American businessman and politician

Henry Perrine Baldwin (August 29, 1842 – July 8, 1911) was an American businessman and politician on Maui in the Hawaiian Islands. He supervised the construction of the East Maui Irrigation System and co-founded Alexander & Baldwin, one of the "Big Five" corporations that dominated the economy of the Territory of Hawaii.

==Life==
Baldwin was born on August 29, 1842, in Lahaina, Hawaii. His father was American Christian missionary Dwight Baldwin (1798–1886), and his mother was Charlotte Fowler Baldwin. He was named after Matthew LaRue Perrine (1777–1836), professor at Auburn Theological Seminary, from which his father had graduated shortly before his departure to the Hawaiian Islands.
He attended Punahou School in Honolulu and returned to Maui to become a farmer. First he tried to manage William DeWitt Alexander's rice plantation, but that failed. Instead by 1863 he went to work for his brother David (also called Dwight Baldwin, Jr) who had started a small sugarcane farm. He hoped to earn enough money to go to medical school, but never left the sugar industry. He took a job as foreman (called luna) of the Waiheʻe plantation, owned by Christopher H. Lewers, under the management of Samuel Thomas Alexander. In 1867, he traveled to the West Coast of the United States.

In 1869, Baldwin and Alexander became business partners and bought 12 acre in the eastern Maui ahupuaʻa (ancient land division) called Hāmākua Poko. (This is not to be confused with the Hāmākua district of Hawaiʻi island.)
In 1870, they bought another 559 acre and planted sugarcane. Baldwin had gone into debt to buy the land.

They lived in an area called "Sunnyside" near the small Paliuli Sugar Mill, which had been built on the edge of Rainbow Gulch by Robert Hind. Alexander managed the larger Haiku Mill which had been constructed in 1861 by Castle & Cooke, formed by two former missionaries. Alexander had married Martha Eliza Cooke, daughter of Amos Starr Cooke, a co-founder of Castle & Cooke.
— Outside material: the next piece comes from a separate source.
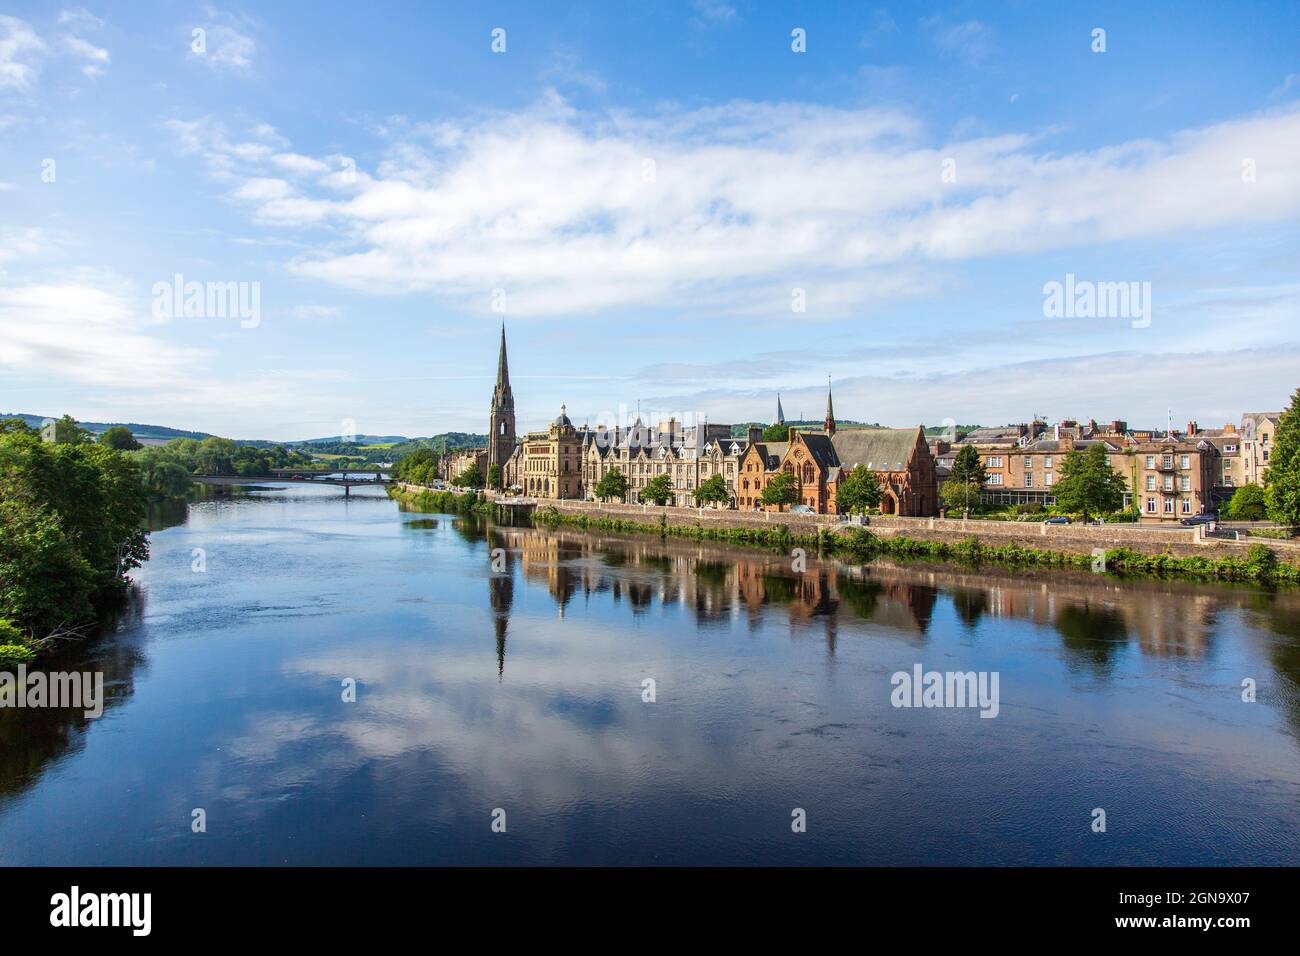 La ciudad de Perth y el río Tay, Escocia Foto de stock

On March 28, 1876, Baldwin lost his right arm in an industrial accident at the Paliuli Mill. Trying to adjust the rollers, his fingers got stuck in the cane grinder, pulling in his right arm, and he almost died before it could be turned off and reversed to free him. A worker was sent to get the nearest doctor 10 mi away to do the amputation. Within weeks, he learned to write with his left hand, and continued to play organ in his church with one hand. In a month, he was riding horseback in his fields.

==Hamakua Ditch==
The Reciprocity Treaty of 1875 gave freer access to market for sugar exported to the United States.
Although the Hawaiian Islands have a 12-month growing season, a major problem with farming former dry forests was their wide extremes in precipitation. After a quick tropical downpour the intense sun can cause enormous growth. But there are often years with little or no rain at all in some places. Baldwin said one day during a drought he knelt down in the field and prayed for rain. It came, and he promised that if he ever became successful, he would make sure he would build a suitable monument.
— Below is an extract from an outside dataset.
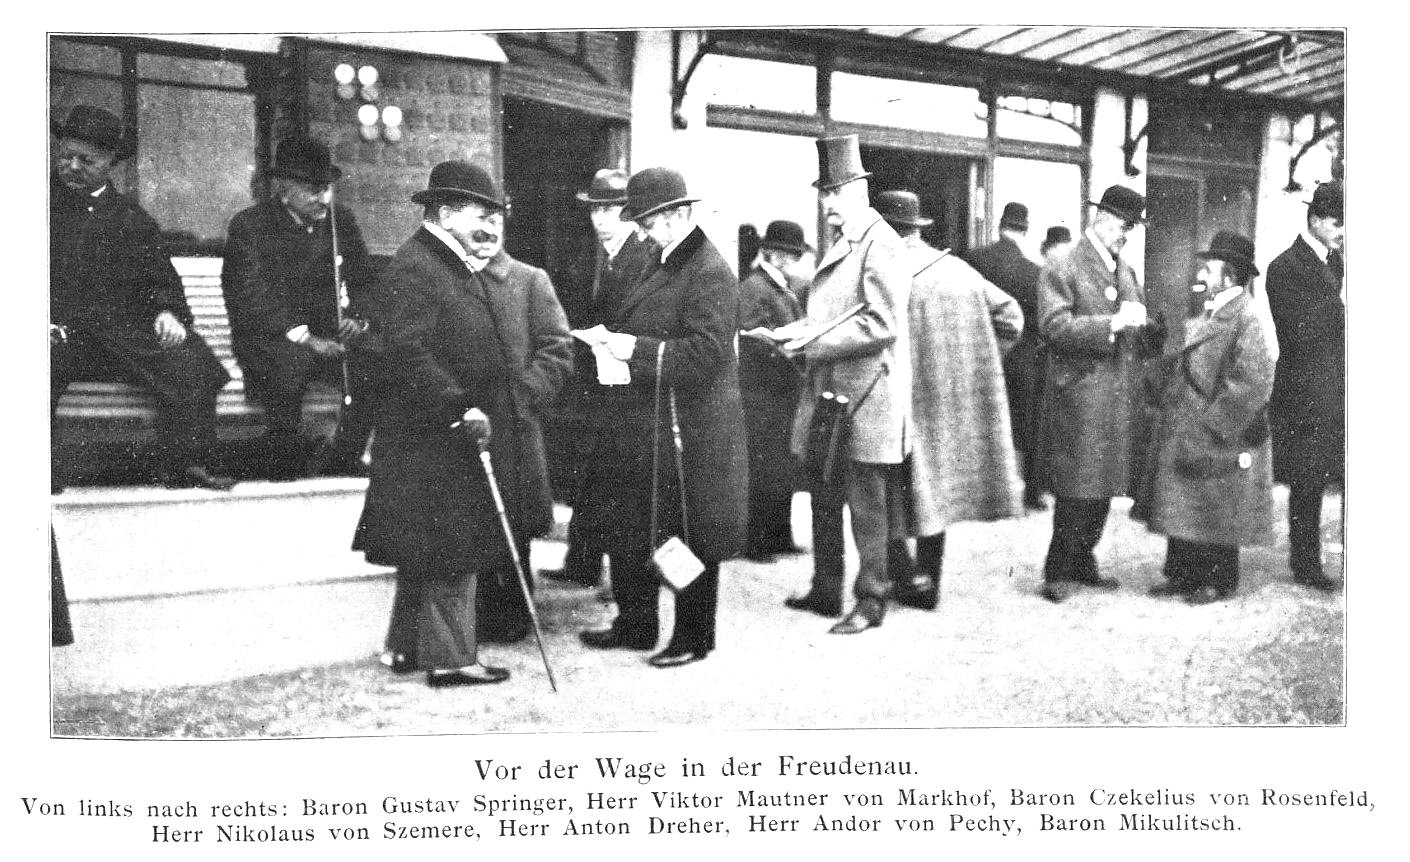 Freudenau, 1916: Gustav von Springer, Viktor Mautner von Markhof, Baron Czekelius von Rosenfeld, Nikolaus von Szemere, Anton Dreher, Andor von Pechy, Baron Mikulitsch.

Alexander was more practical: his father had taught at Lahainaluna School where irrigation ditches had been used for small private gardens since the times of ancient Hawaii. Alexander noticed the rainforests on the eastern (windward) side of the island and upper slopes of Haleakalā received much more rainfall. The terrain in that area was too rough to plant, but they reasoned an aqueduct could bring water to the lower, flatter area of their fields. William Harrison Rice had irrigated a small sugarcane plantation in 1856, but this system would supply 3000 acre. Alexander arranged a survey, worked out financing from other planters to create the Hamakua Ditch Company and negotiated a two-year lease with the government of King David Kalākaua to build the project starting September 30, 1876.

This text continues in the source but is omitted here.